EXERCISE DIRECTIONS: Report the number of lines in these entries that contain "фото". Write only the number.

AVAILABLE DATA:
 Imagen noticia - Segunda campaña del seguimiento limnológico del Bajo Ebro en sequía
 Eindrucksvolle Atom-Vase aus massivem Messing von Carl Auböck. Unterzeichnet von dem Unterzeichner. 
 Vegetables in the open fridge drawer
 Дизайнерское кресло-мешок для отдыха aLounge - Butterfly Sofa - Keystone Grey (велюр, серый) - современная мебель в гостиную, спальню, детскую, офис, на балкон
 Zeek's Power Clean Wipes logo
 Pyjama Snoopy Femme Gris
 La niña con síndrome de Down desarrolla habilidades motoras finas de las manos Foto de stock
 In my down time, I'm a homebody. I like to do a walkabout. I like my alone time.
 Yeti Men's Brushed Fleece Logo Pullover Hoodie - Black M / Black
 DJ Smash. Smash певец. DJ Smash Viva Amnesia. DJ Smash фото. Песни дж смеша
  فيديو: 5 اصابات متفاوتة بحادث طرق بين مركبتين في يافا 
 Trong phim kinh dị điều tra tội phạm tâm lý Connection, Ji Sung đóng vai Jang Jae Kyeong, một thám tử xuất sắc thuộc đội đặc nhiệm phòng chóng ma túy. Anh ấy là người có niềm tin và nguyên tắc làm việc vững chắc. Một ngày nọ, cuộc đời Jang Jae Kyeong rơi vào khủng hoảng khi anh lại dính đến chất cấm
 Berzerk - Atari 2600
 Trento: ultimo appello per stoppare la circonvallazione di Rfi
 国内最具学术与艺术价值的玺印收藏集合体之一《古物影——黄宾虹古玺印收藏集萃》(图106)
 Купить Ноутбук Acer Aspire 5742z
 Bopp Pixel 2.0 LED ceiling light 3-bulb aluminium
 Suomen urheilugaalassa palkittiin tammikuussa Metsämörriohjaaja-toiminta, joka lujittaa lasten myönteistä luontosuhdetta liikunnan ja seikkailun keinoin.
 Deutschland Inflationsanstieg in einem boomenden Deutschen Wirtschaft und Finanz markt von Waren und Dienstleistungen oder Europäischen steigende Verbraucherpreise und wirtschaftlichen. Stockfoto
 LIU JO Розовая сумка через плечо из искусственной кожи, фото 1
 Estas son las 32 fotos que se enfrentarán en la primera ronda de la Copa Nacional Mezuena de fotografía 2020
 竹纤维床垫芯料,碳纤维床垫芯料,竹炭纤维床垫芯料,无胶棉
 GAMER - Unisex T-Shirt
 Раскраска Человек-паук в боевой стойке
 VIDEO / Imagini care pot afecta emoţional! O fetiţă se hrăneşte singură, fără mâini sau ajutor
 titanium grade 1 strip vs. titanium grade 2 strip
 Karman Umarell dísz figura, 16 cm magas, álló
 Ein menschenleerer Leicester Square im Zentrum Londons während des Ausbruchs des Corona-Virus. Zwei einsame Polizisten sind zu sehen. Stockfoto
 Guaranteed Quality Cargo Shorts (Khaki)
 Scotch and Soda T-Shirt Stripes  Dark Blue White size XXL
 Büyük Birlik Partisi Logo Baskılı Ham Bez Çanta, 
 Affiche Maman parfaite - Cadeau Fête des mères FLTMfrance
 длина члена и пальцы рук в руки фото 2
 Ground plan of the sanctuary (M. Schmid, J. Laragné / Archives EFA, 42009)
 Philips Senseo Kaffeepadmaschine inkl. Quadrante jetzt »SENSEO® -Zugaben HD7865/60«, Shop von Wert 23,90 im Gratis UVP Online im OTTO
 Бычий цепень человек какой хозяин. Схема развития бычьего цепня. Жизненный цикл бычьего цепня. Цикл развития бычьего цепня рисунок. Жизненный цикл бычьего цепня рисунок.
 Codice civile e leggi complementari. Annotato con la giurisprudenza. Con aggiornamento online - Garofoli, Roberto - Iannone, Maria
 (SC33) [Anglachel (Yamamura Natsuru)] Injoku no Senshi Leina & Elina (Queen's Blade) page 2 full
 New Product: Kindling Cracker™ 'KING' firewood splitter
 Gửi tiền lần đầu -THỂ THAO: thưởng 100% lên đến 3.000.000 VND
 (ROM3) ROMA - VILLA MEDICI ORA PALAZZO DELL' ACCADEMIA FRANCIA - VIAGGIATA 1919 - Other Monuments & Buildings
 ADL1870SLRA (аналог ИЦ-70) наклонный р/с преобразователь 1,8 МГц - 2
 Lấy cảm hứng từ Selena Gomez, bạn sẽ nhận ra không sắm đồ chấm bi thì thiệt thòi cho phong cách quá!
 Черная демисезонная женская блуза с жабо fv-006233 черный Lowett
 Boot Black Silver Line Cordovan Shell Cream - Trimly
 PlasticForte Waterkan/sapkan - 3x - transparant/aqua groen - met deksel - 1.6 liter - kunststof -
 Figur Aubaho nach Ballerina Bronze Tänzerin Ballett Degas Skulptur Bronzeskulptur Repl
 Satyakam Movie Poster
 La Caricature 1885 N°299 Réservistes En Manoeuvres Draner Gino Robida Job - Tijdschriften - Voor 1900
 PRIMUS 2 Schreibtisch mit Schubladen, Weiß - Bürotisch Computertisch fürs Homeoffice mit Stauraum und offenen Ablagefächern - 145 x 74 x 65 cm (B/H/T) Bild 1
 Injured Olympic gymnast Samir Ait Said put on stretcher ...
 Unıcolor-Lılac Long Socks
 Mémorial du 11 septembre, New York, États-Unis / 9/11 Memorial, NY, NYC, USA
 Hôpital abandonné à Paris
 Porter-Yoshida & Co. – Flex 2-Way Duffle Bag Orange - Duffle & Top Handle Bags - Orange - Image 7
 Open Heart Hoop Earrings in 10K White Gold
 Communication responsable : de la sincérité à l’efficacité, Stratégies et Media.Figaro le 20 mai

TASK SOLUTION: 3